Characterization B: Expression of PHIX174 promoters fused to UTR1-deGFP.
- Sequencing results are in. No good clones for pBEST-PA-UTR1-deGFP-T500.
- I am going to abandon this strategy for cloning and go with direct creation of PHIX174 linker promoters to be ligated into pBEST-//-UTR1-deGFP-T500 backbone. The design file is here, and the oligonucleotide order is here. The were ordered a while ago,so I already have them in stock.
- I performed hybridization to create linkers at 1mM concentration. Seven linkers were made this way: SphI-PX-NheI, where X = null, A, B, D, F, G, L.
- I initiated construction of the eigth LA linker by PCR.
- Sense primer = GTCGACGCATGCATGACTCGCAAGGTTAGTG, Antisense primer = GCTAGCGAATTCGGAGGCATGAAAACATACA, TH = 57 °C, 30 cycles.

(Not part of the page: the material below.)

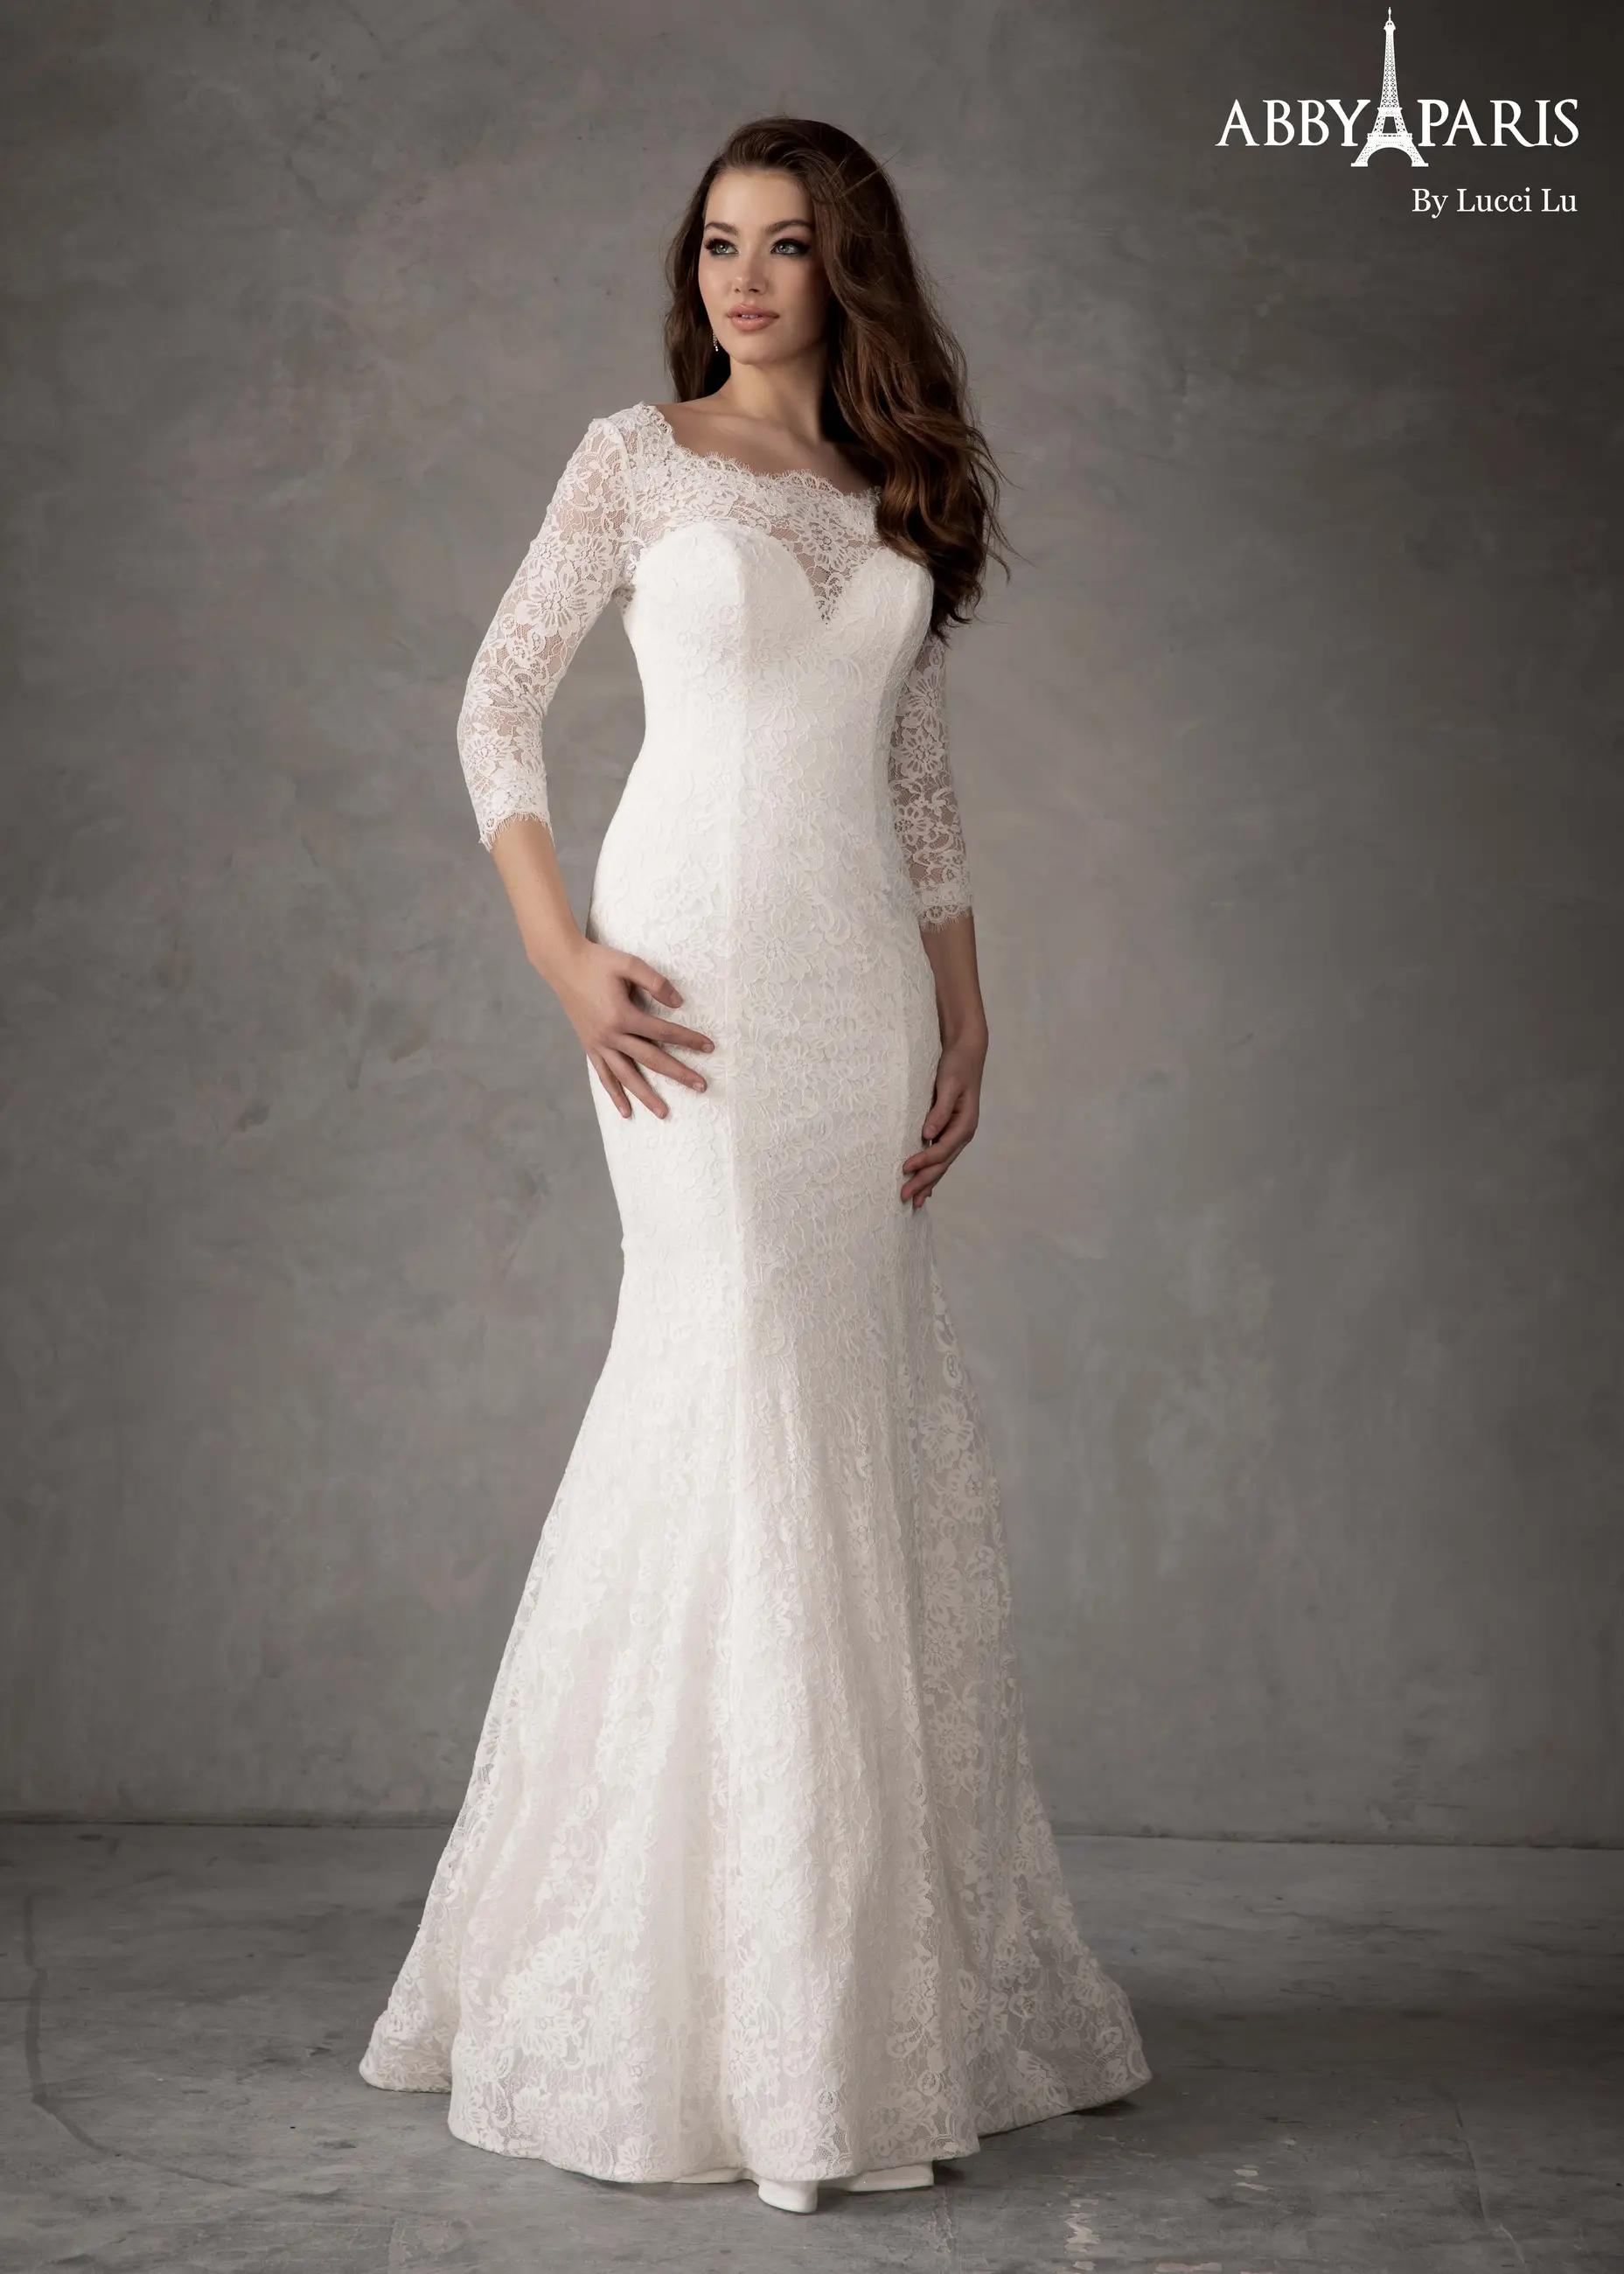 Model wearing a Lucci Lu Abby Paris white bridal dress

- Next steps will be purification, double digestion, and then gel extraction to get the final linker product.
Characterization C: Expression of PHIX174 promoters fused to UTRX-deGFP.
- Continuing on in the construction of pBEST-PX-UTRX-deGFP-T500 (X = A, B, D, F, G, L, and LA), ligation products from yesterday were transformed into JM109 and grown O/N on LB+amp plates at 37 °C.
Hypothesis 2: Gene L is necessary for phage propagation.
- Need to design new primers (regular and mutagenic) for amplifying PHIX174 genome.